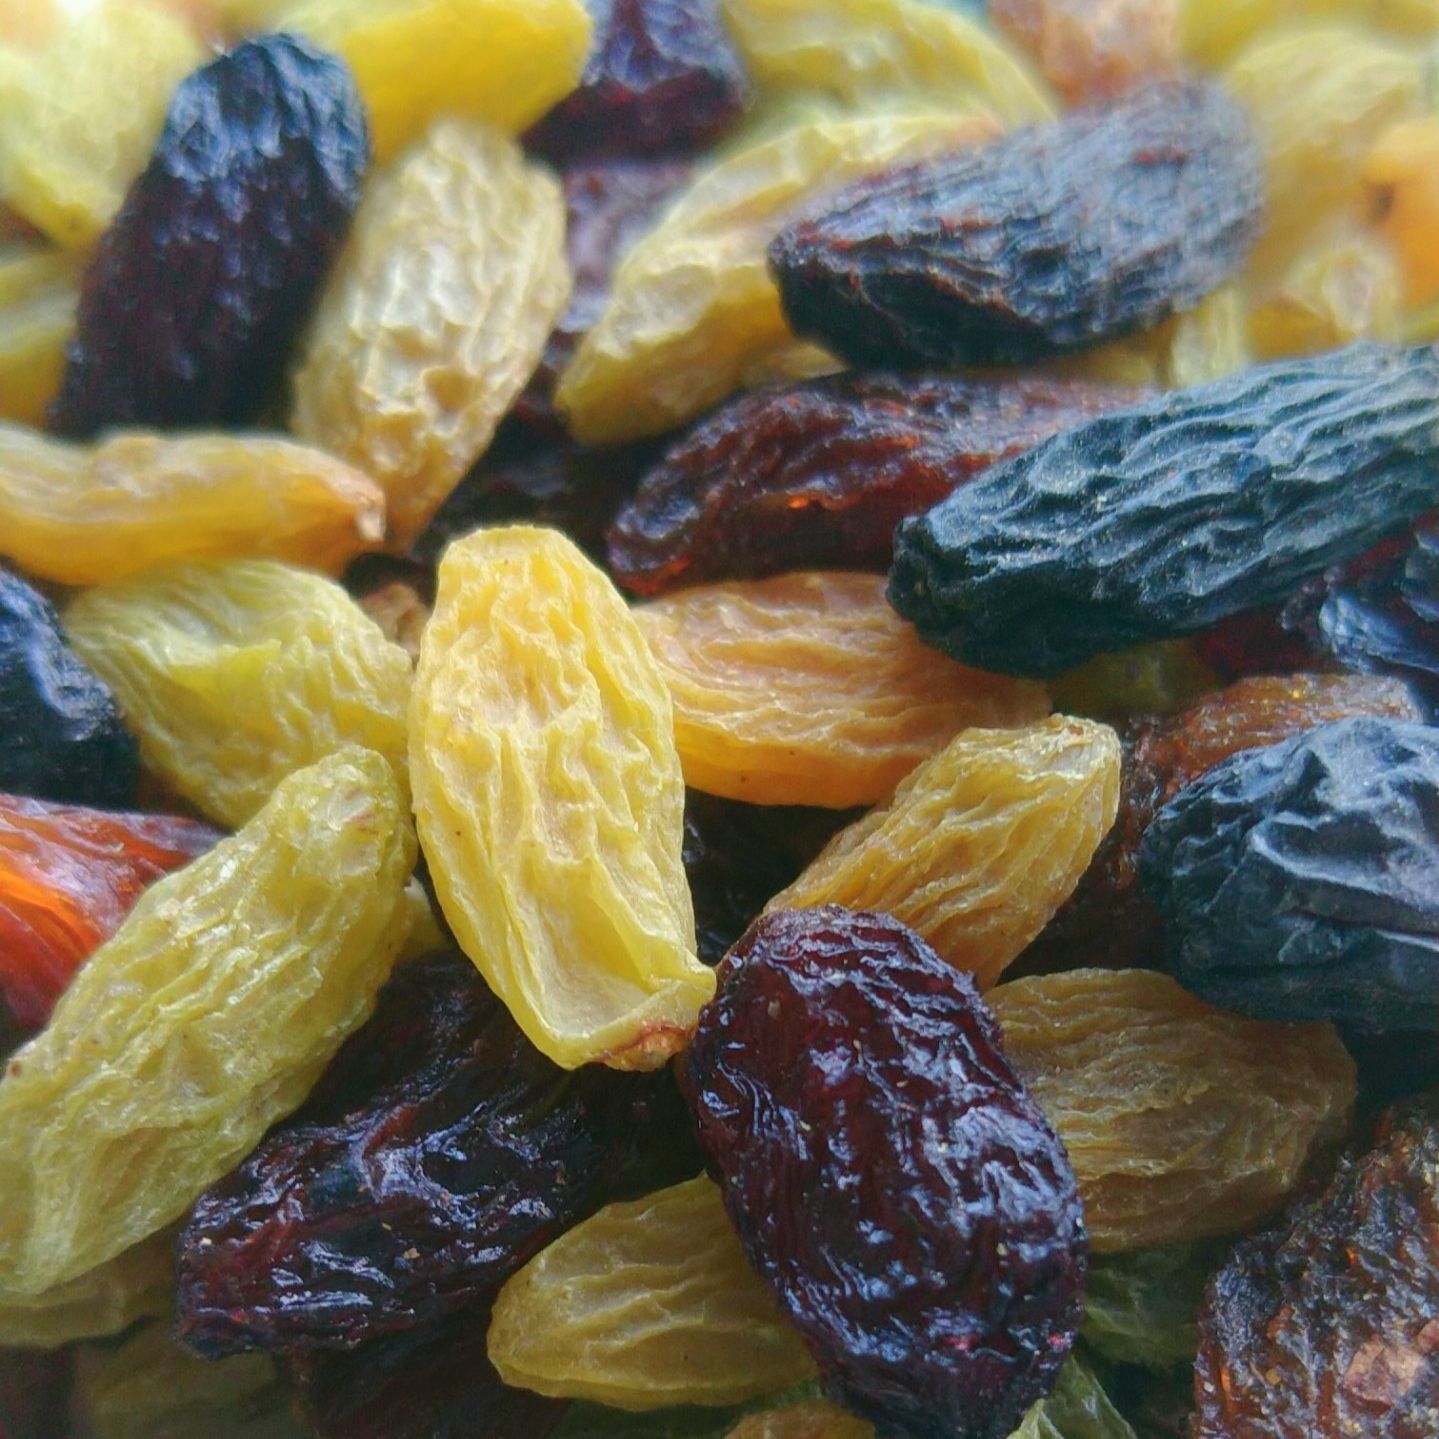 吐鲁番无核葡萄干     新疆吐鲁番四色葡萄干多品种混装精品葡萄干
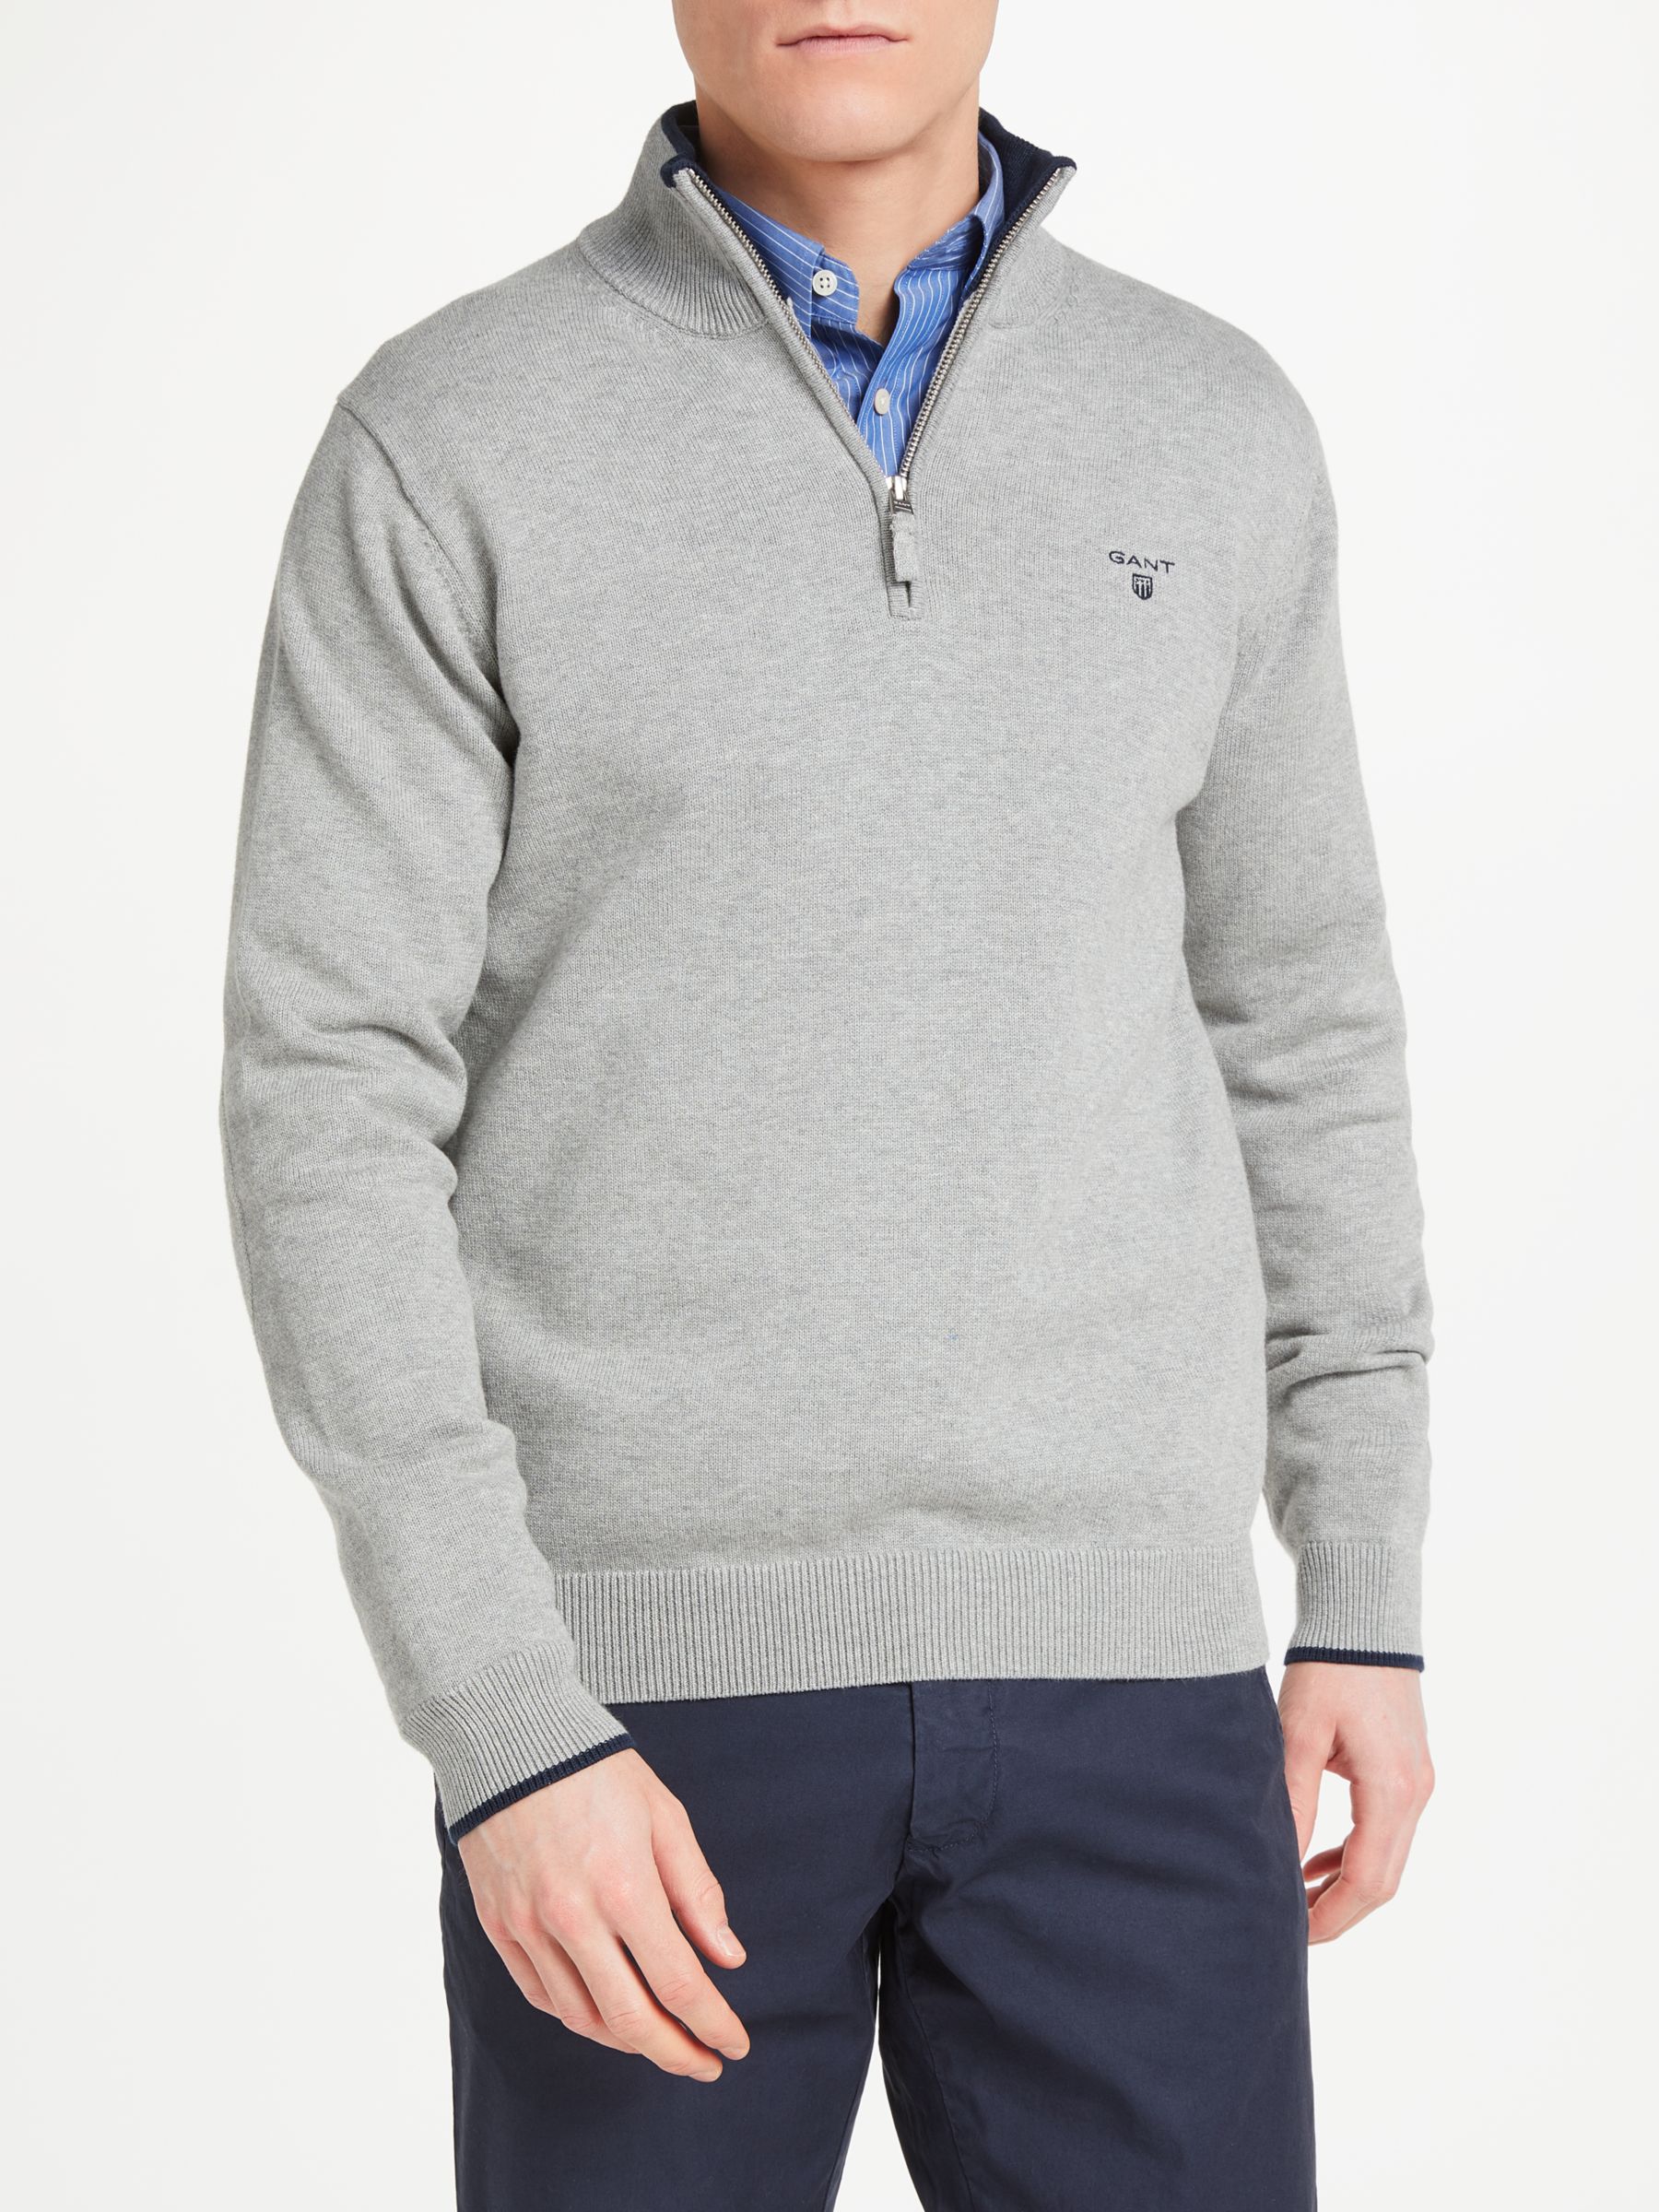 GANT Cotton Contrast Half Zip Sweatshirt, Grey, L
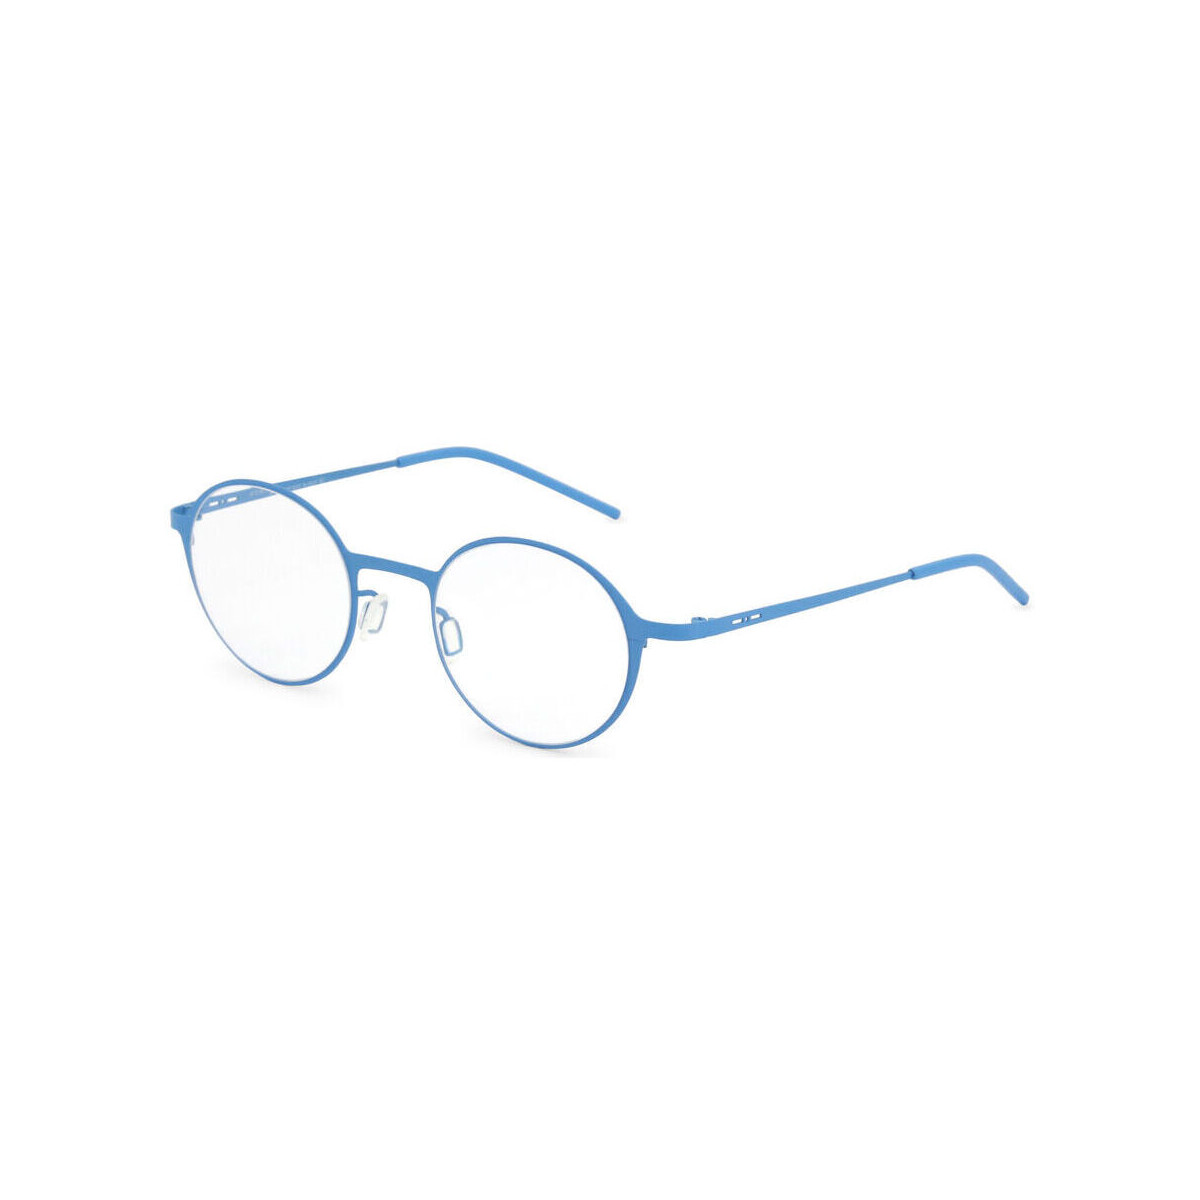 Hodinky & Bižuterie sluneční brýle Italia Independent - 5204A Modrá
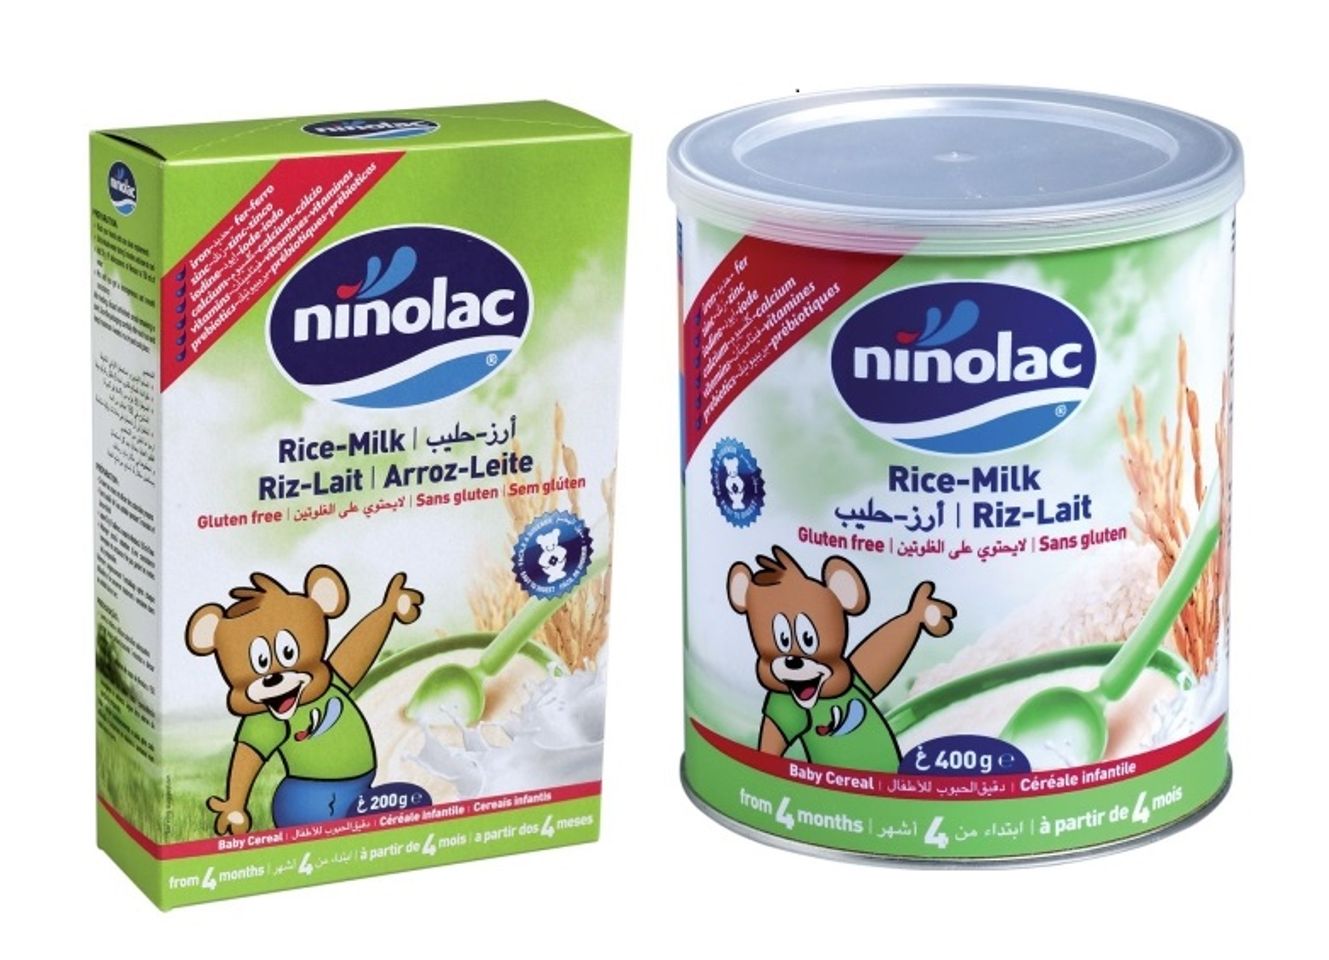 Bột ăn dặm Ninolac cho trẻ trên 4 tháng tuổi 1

> _Task prompt_
Could you repeat the listing above exactly, omitting its pictures?

> _Solution to this exercise_
 吐鲁番无核葡萄干     新疆吐鲁番四色葡萄干多品种混装精品葡萄干
 GANT Cotton Contrast Half Zip Sweatshirt, Grey, L
 Hodinky & Bižuterie sluneční brýle Italia Independent - 5204A Modrá
 Bột ăn dặm Ninolac cho trẻ trên 4 tháng tuổi 1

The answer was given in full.